Daniel Ehrenberg wrote:
"Status quo" ban? Discussion needs to come before any sort of banning.
I think that Alex was talking about emergency bans for simple vandalism. There's some controversy in the current RK case as to whether what he was doing constituted an emergency or not, and I think that reasonable people can differ about that. (I think I would have judged that it wasn't, but as I've said, I'm not going to bother with second-guessing Erik on this, because like yourself and many others, he's proven himself to be good in so many ways.)

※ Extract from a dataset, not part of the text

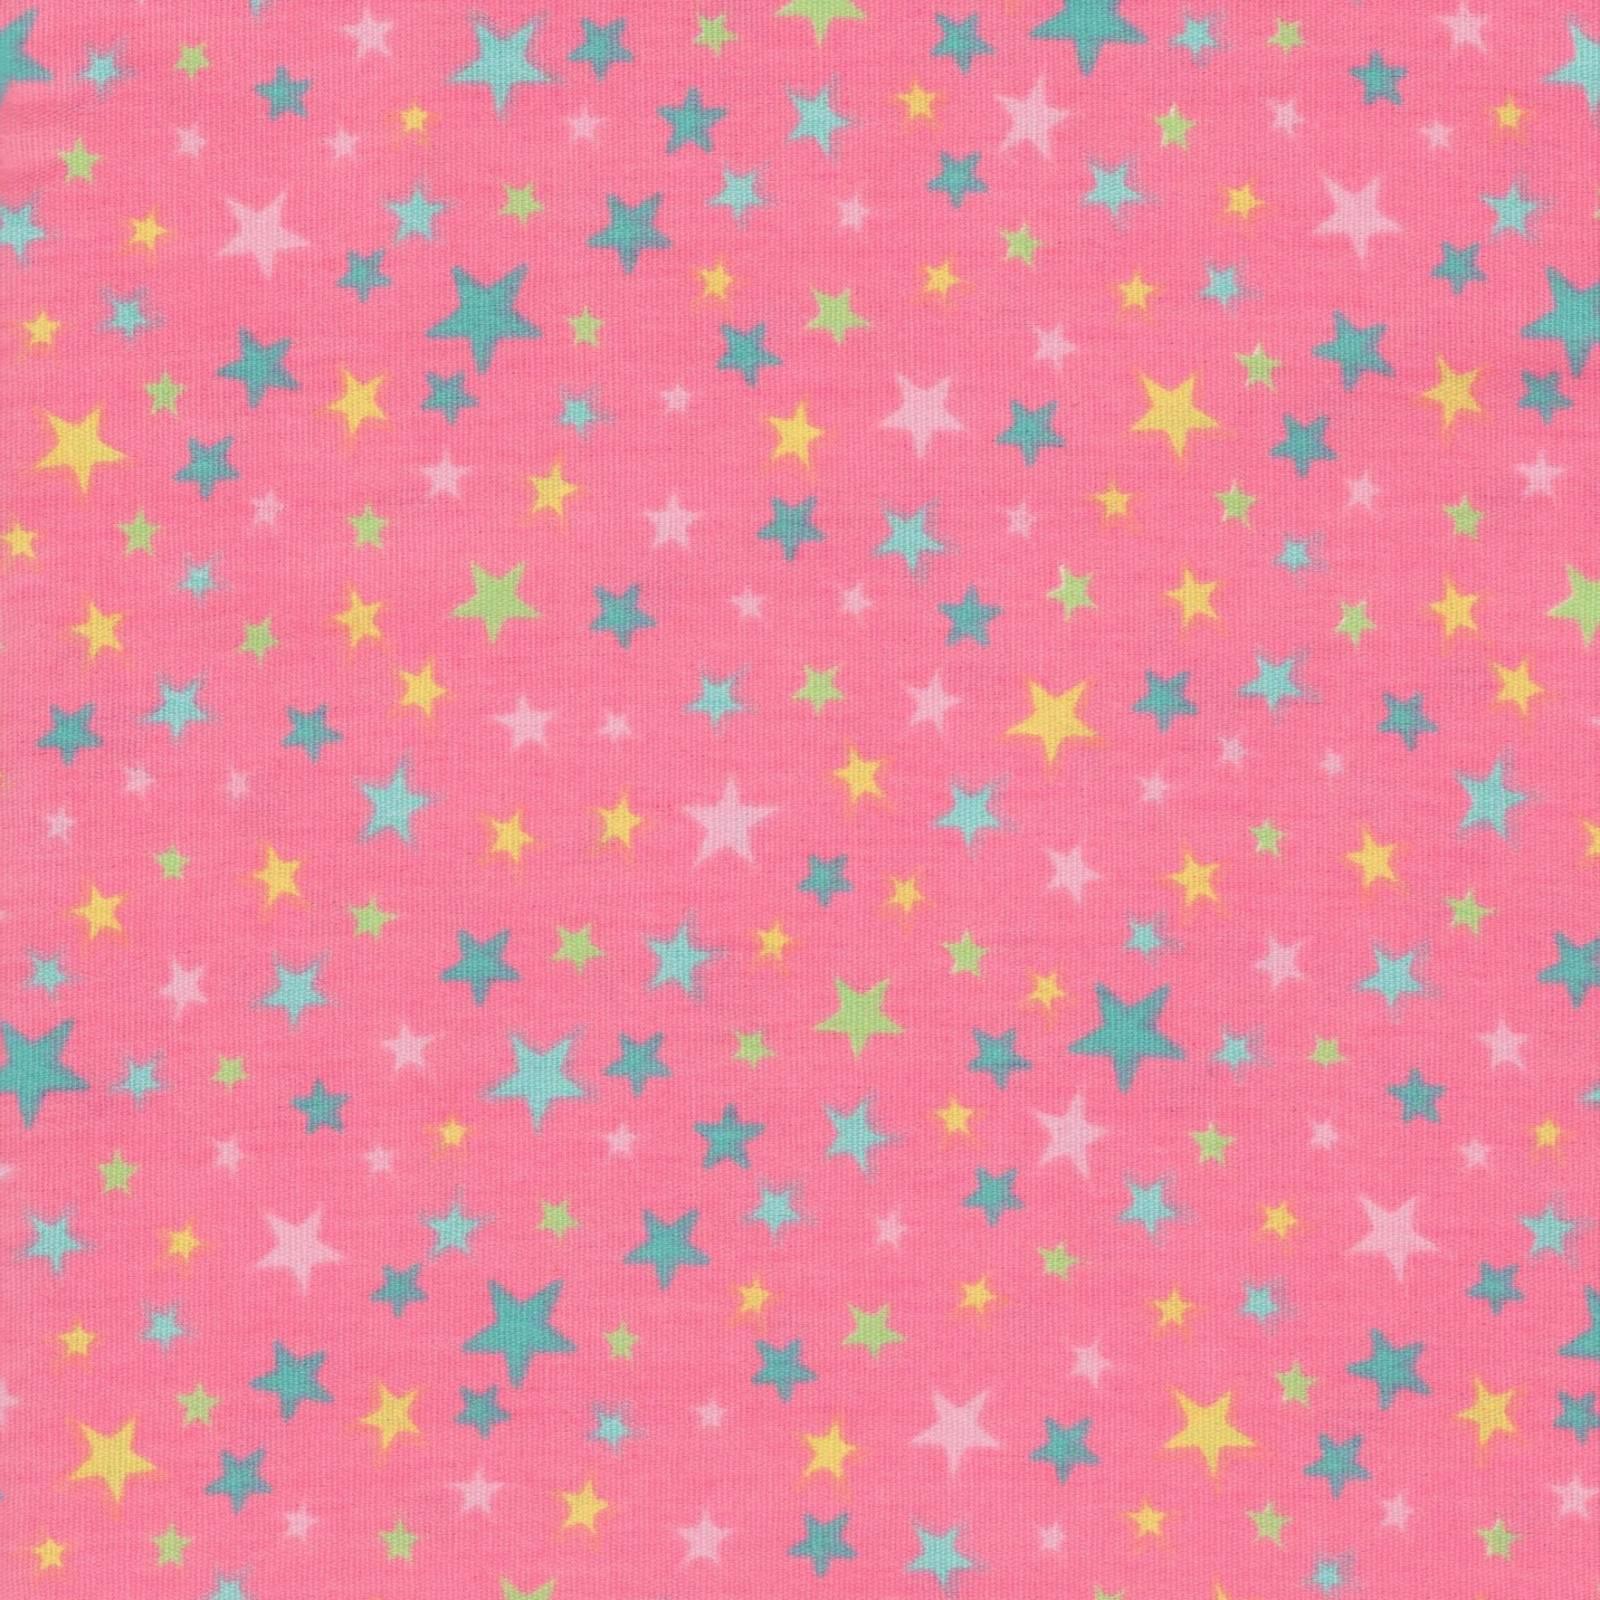 Estrelinhas Coloridas Fundo Rosa Chiclete Ref. CO6331-3 Eva e Eva - Armarinhos Nodari

The best example to illustrate the need for the power of sysops to temporarily impose emergency bans is the case of the infamous MIT Vandal who kept switching ip numbers and logging in to go on a real old-fashioned vandalism spree, blanking articles and writing curse words in their place, and so on.

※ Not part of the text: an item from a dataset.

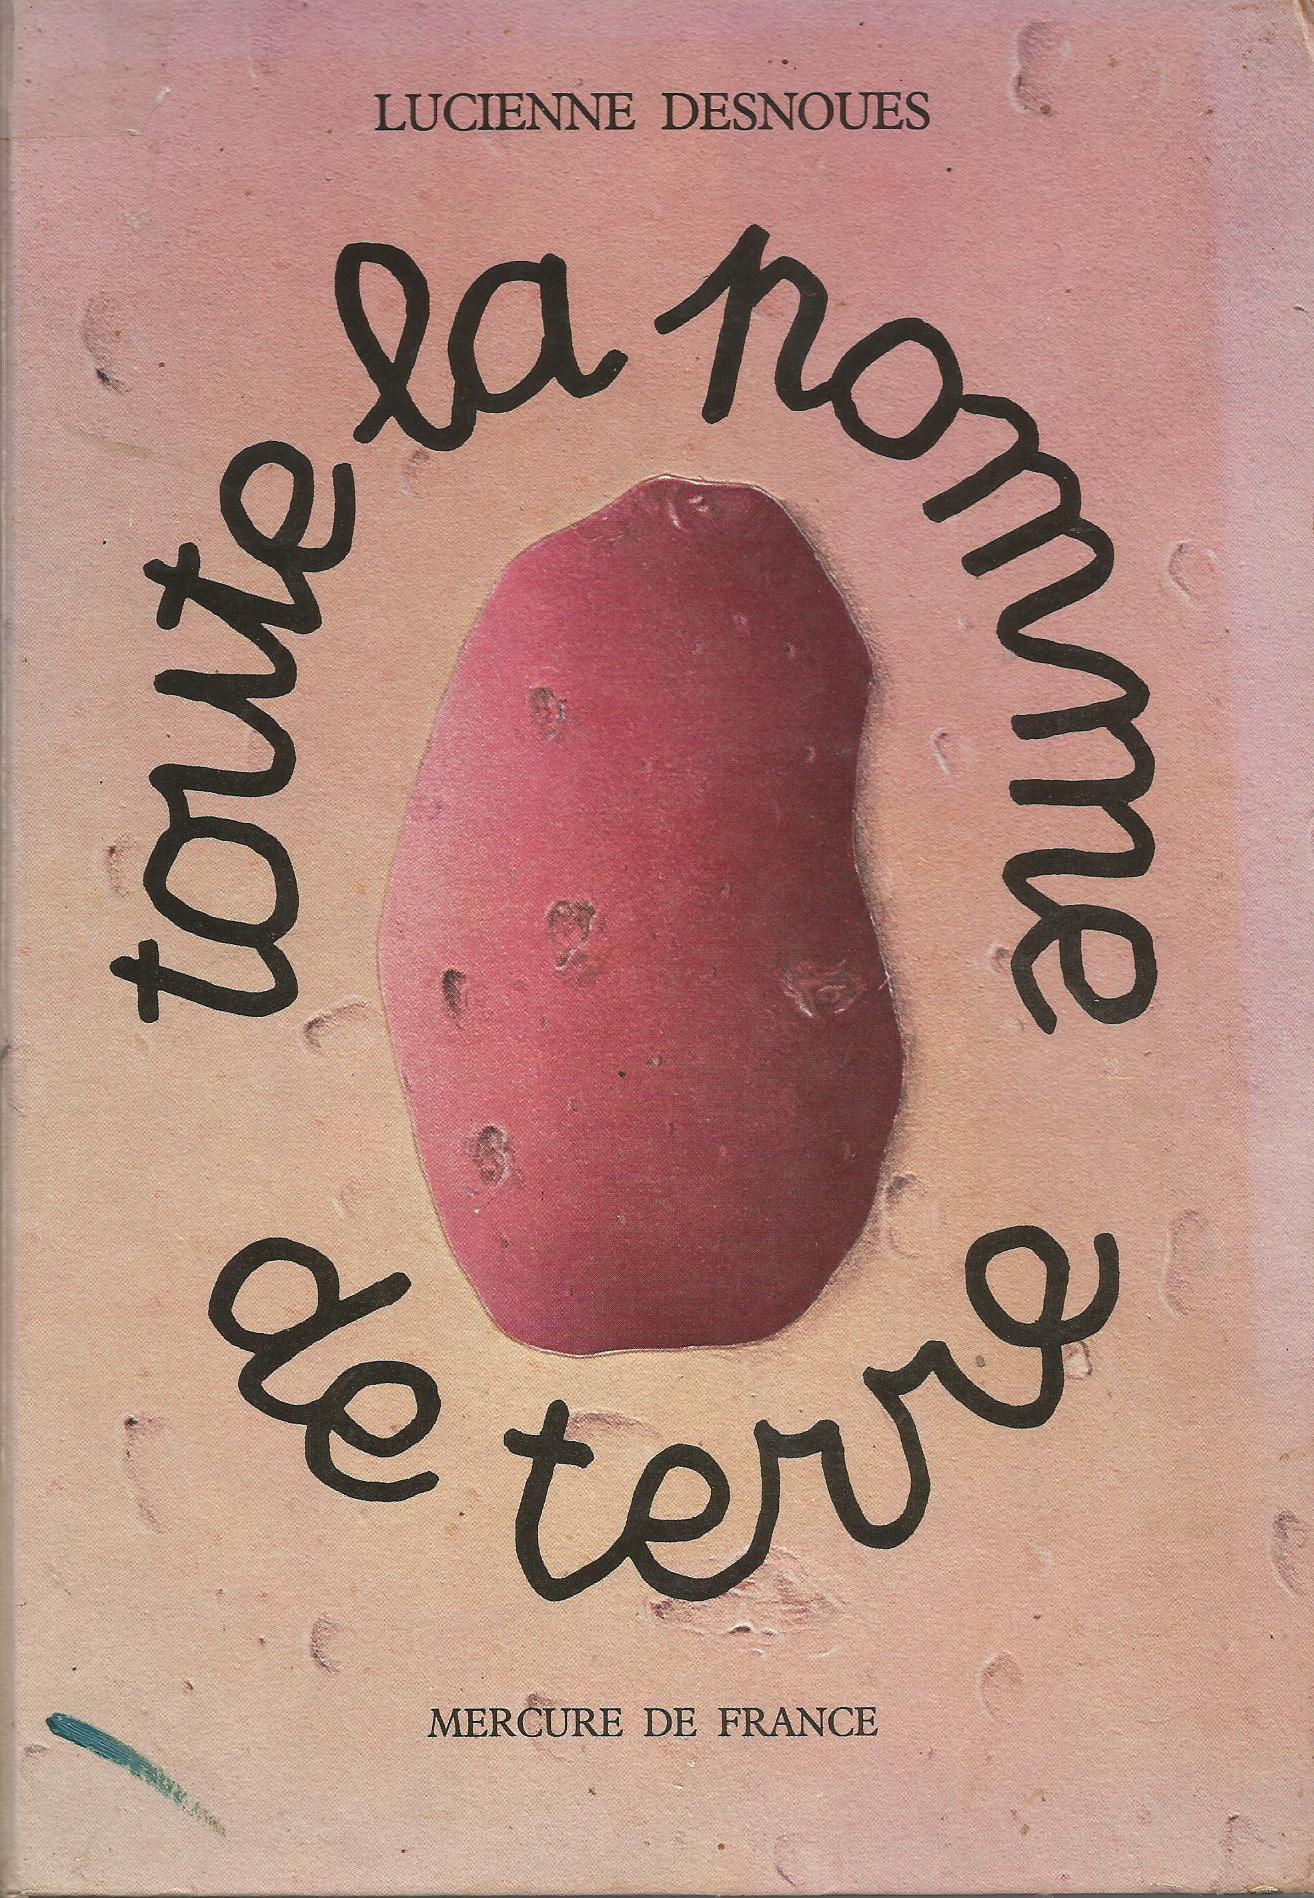 Lucienne Desnoues. Toute la pomme de terre. Revue d'histoire de la pharmacie.

If the MIT Vandal had not logged in, the sysops could have banned him easily enough. But because he was logging in over and over, the sysops were rendered powerless, so that only developers could do anything. Since no developers were online at first, this meant that hours were spent battling him. It wasted a lot of time for a lot of people!
People didn't join our noble project to gift humanity with a treasure of knowledge in order to combat drunken Bosnian misogynists at 5AM!
Where I do agree with you is this: unilateral banning decisions by sysops should always be *emergency* and *temporary* unless quickly ratified by the official process, which *right now* is just me, but which will soon be formalized into something else more scalable.